### PROBLEM TO WORK ON
Output the listing verbatim, leaving out every picture.

### PROVIDED MATERIAL
══════════

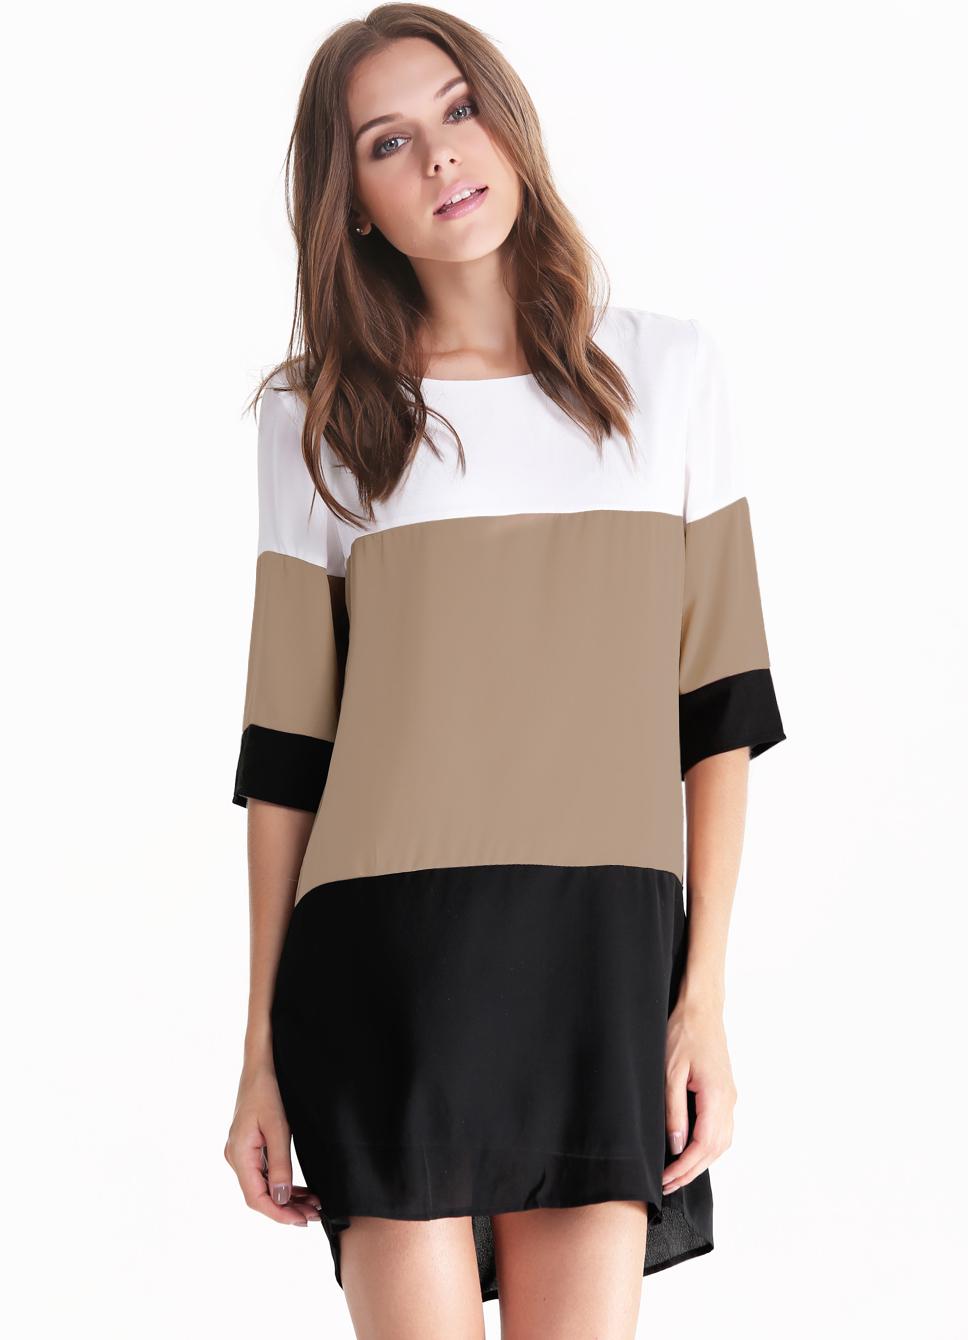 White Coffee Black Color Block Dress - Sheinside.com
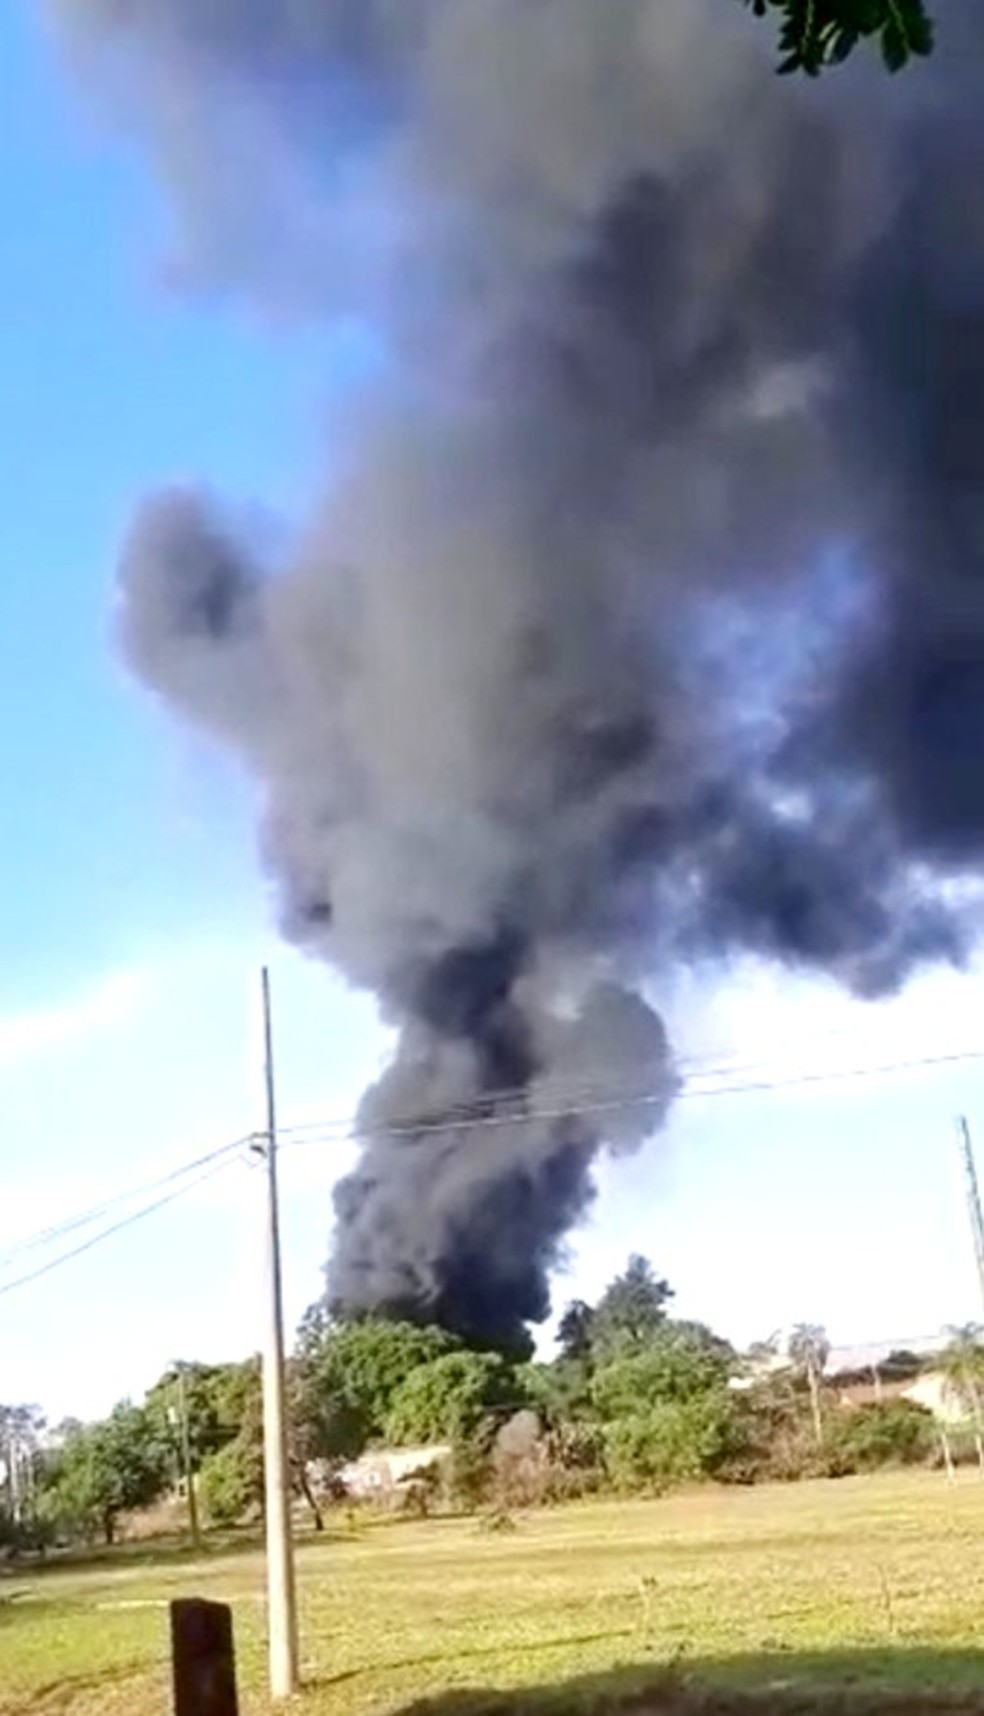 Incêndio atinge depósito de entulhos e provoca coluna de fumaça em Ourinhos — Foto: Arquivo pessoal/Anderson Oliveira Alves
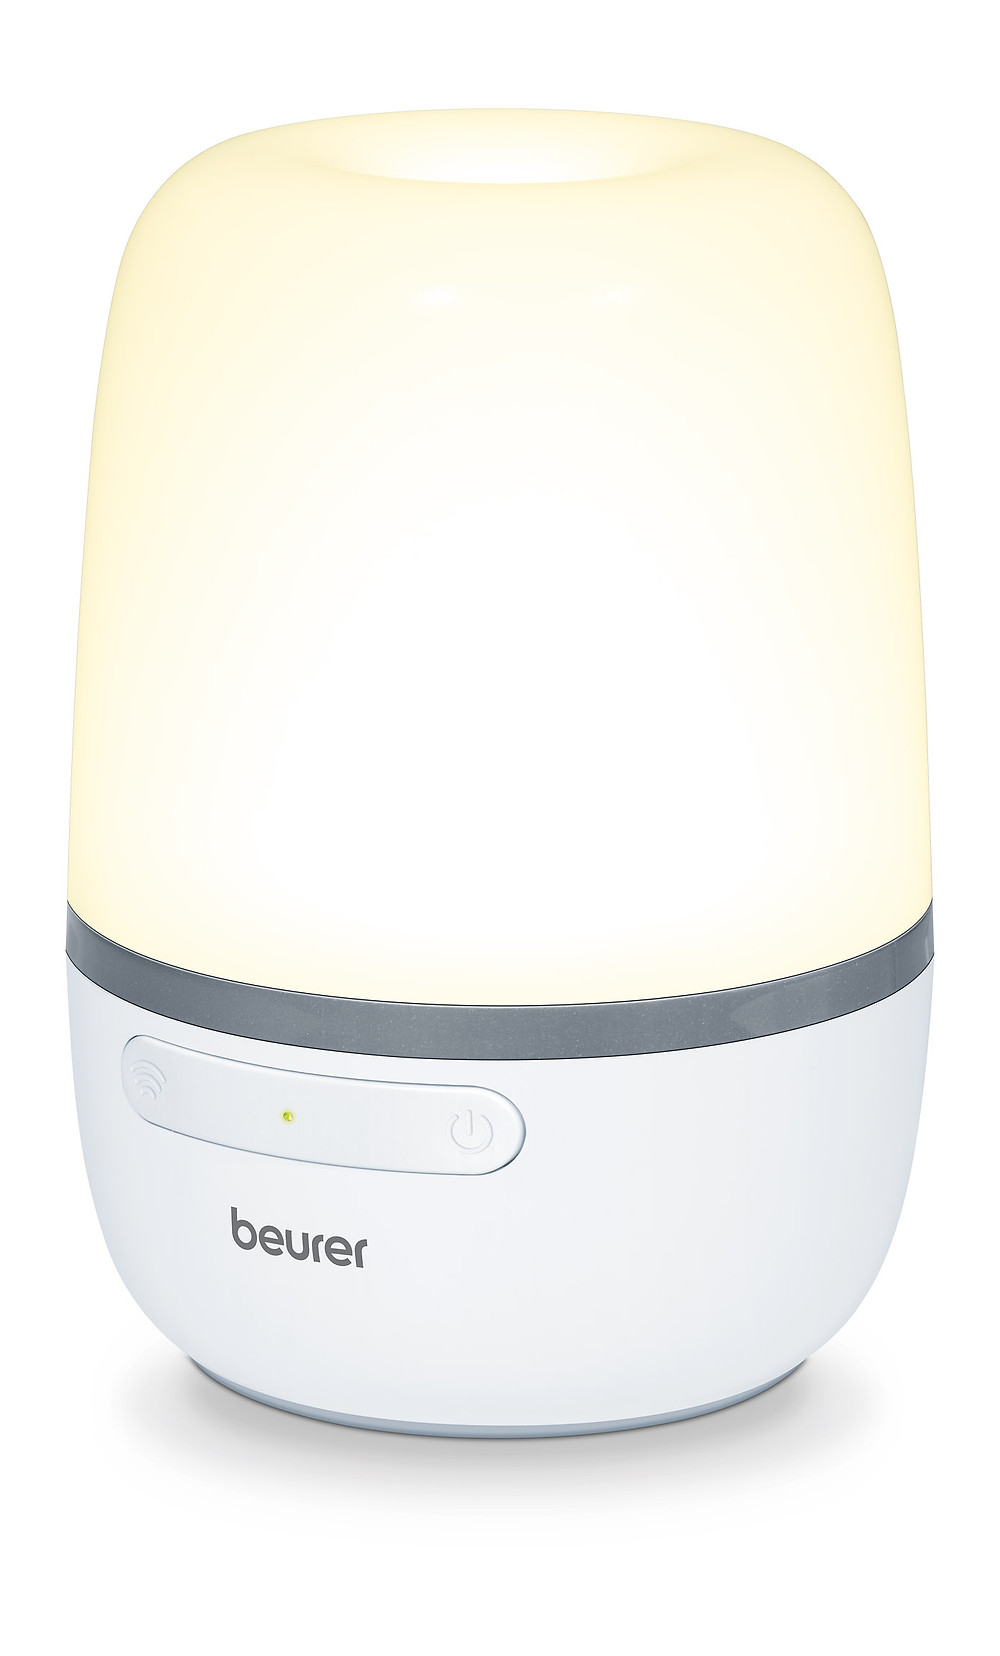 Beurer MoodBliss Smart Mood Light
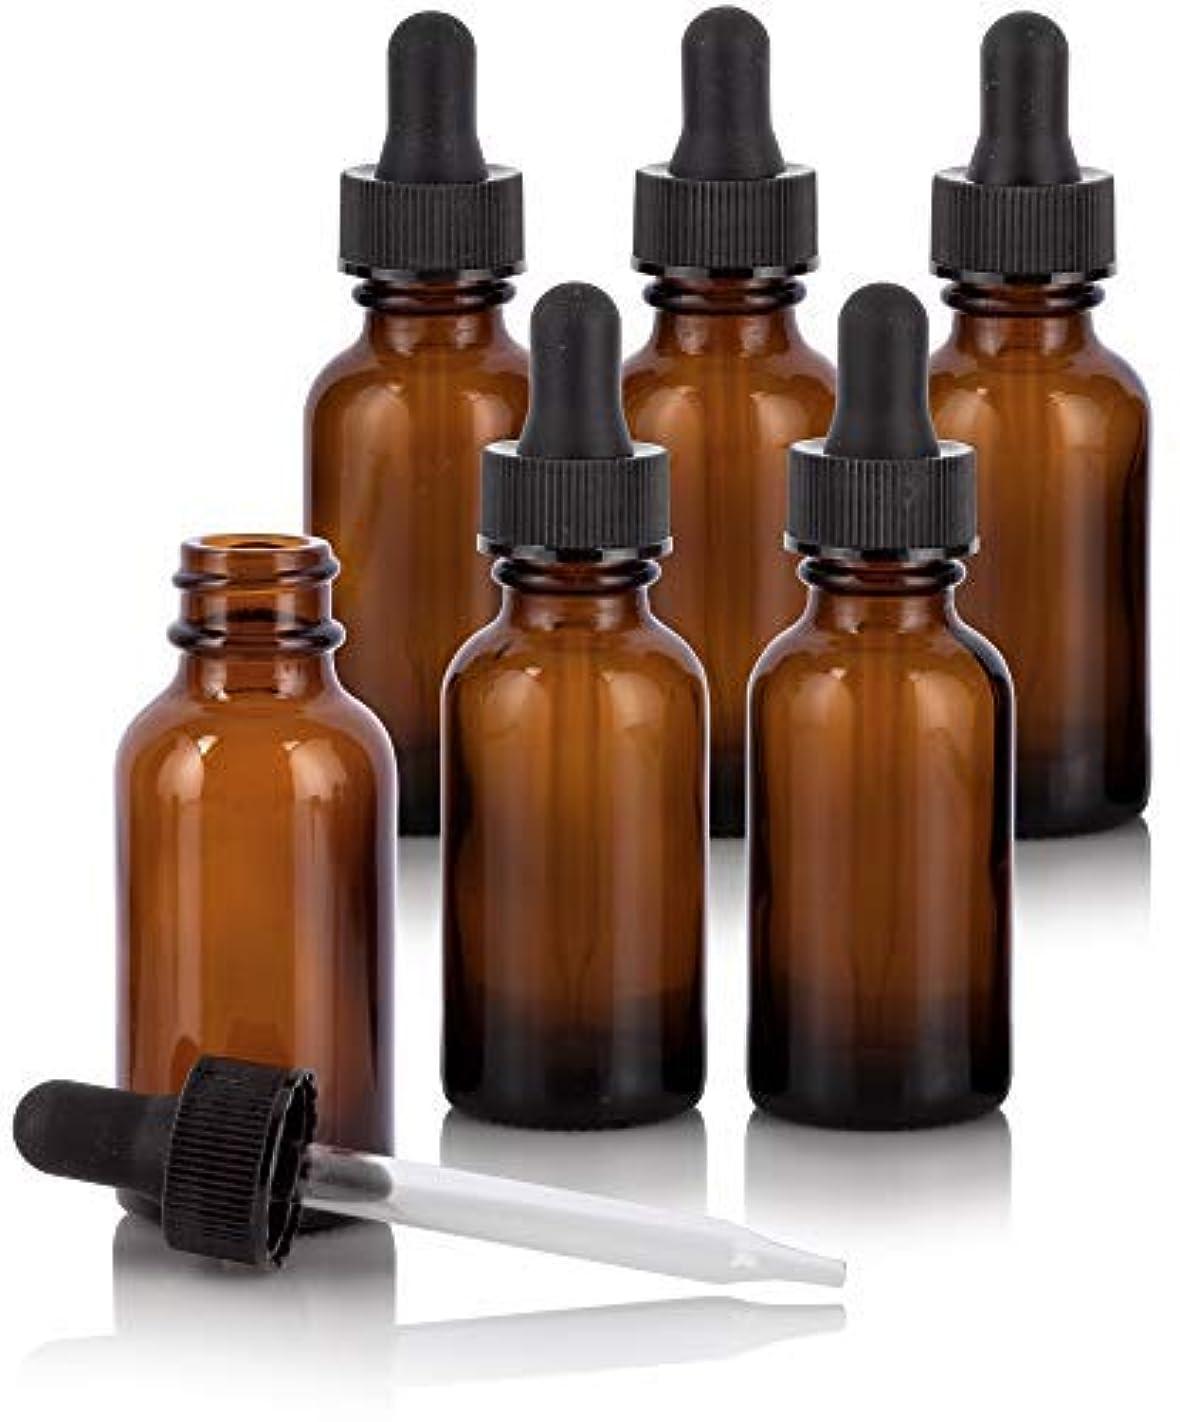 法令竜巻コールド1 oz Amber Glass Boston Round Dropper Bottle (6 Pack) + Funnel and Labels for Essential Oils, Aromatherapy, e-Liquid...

══════════

### SOLVED EXERCISE
 White Coffee Black Color Block Dress - Sheinside.com
 Incêndio atinge depósito de entulhos e provoca coluna de fumaça em Ourinhos — Foto: Arquivo pessoal/Anderson Oliveira Alves
 Beurer MoodBliss Smart Mood Light
 法令竜巻コールド1 oz Amber Glass Boston Round Dropper Bottle (6 Pack) + Funnel and Labels for Essential Oils, Aromatherapy, e-Liquid...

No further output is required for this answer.